To counter the claim that the fee scheme obstructed access to justice, it was argued by the Lord Chancellor that many of the costs perceived as essential could be foregone for a period in order to save to pay the fees (at [52], [54]). The Court viewed this as a mischaracterization of the nature of the costs, and as misunderstanding the procedural requirements of the ET (at [55]). In any event, these considerations masked a more fundamental question: ‘whether the sacrifice of ordinary and reasonable expenditure can properly be the price of access to one’s rights’ (at [55]). The Court thought not, and found the Lord Chancellor’s exercise of the fee-making power unlawful (at [98], see further [90–97], [119]).
Comment
The decision of the Court primarily rested on an analysis of the constitutional right of access to the courts set in its wider constitutional context (at [65], but note [103–104]). Thus, the limits placed on the Lord Chancellor’s use of the fee making power were justified by, inter alia, the rule of law and common law constitutional rights (at [87–89]). The Court grounded the basis of this long-established (see e.g. [74–85]) right squarely within the rule of law (at [66–68]). To supplement the case law underpinning this position, the Justices also reflected on the constitutional character of judicial work more generally. They reasoned that the provision of justice cannot be thought of as being just like any other public service (at [66]); it provides wider, trans-generational socio-economic functions that transcend individual concerns (at [69–73]; unpacked further in Tomlinson (2017) 39(4) J Soc Wel & Fam L 524, at 530–7).

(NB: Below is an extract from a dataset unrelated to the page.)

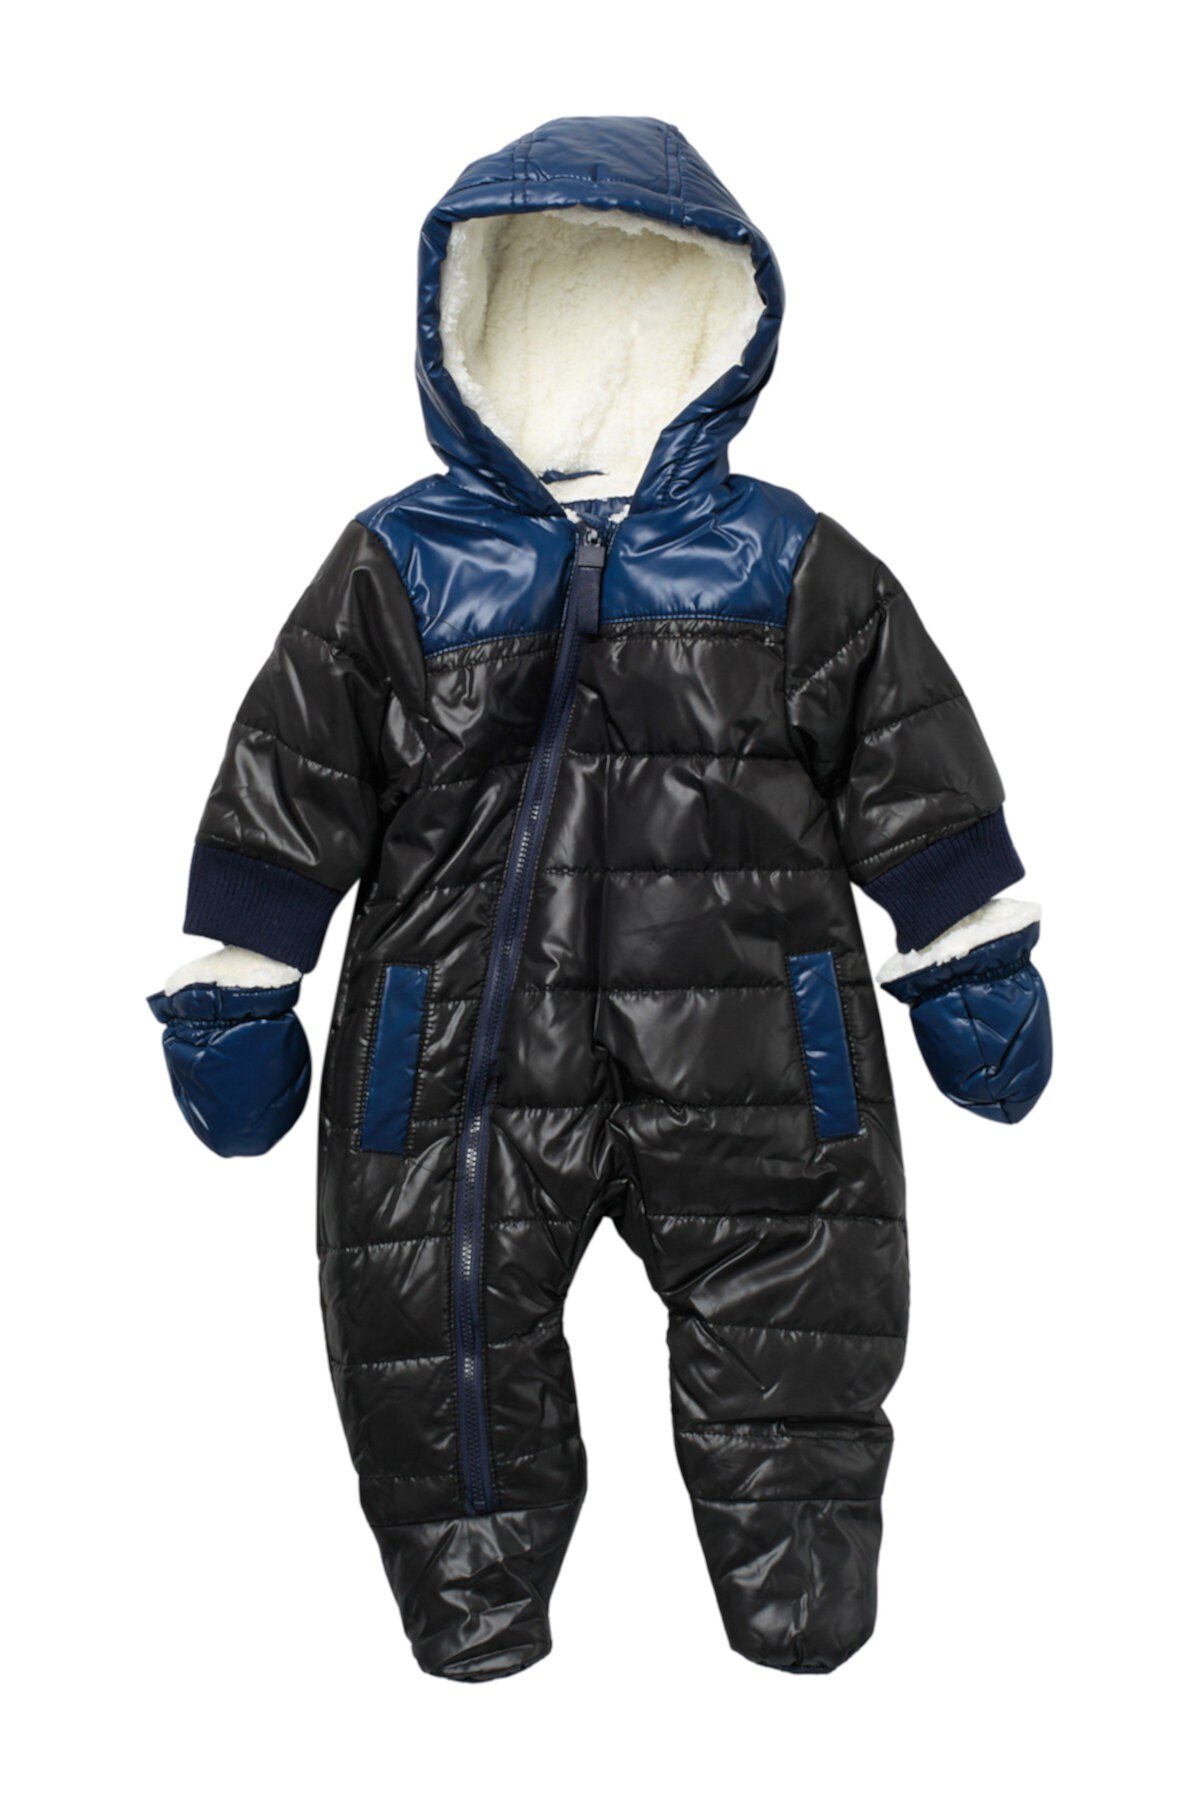 Комплект зимнего комбинезона и перчаток с флисовой подкладкой для детской коляски (для малышей от 3 до 9 месяцев) Urban Republic

This defence was praised, and further developed, by Elliott (2018) 77(1) CLJ 5, at 5, who called the judgment:
… a tour de force that ought to be compulsory reading for every Minister and parliamentarian that elucidates the true value of independent courts … illuminates the common law’s potential as a guarantor of basic rights, and reiterates an axiomatic set of constitutional home truths
The principal achievement of UNISON, Elliott says (at 6–7), is to have explained how the courts will use the common law, and the concept of the rule of law, to interpret the legislative language of Parliament. Murkens (2018) 77(2) CLJ 349 sees this as evidence of the UKSC’s willingness to face constitutional questions directly, ‘with the modus operandi of a constitutional court’ (at 368), tackling both the structural and conceptual elements that provide the context for understanding constitutional questions (at 368–9).
Wider Questions
Lord Reed said that a right of access to justice entails the right to bring a claim ‘even if [it] ultimately fail[s]’, because access to justice means a right to bring ‘arguable claims … for adjudication’ (at [29], emphasis added). Thinking about this statement, and the rule of law as expressed by, among others, Dicey, Raz, and Bingham, what challenges face those wishing to bring claims before the courts today? To answer this question you may want to reflect on Eicke’s (2018) 1 EHRLR 22 observations about the provision of legal aid and the European Convention on Human Rights (at 24–6).
Murkens argued that UNISON, and other cases, demonstrate that ‘automatic deference to Parliament … is crumbling’, suggesting that this has been replaced with a ‘corrective’ approach, likening the judges to constitutional ‘mechanics’ (at 374). Looking at Murkens’ comments, and considering the arguments of those writing on political and legal constitutionalism (for example Griffith (1979) 42(1) MLR 1), do you think it is now time for an ‘honest discussion’ (Murkens, at 374) of the Supreme Court’s place in the United Kingdom’s constitutional framework?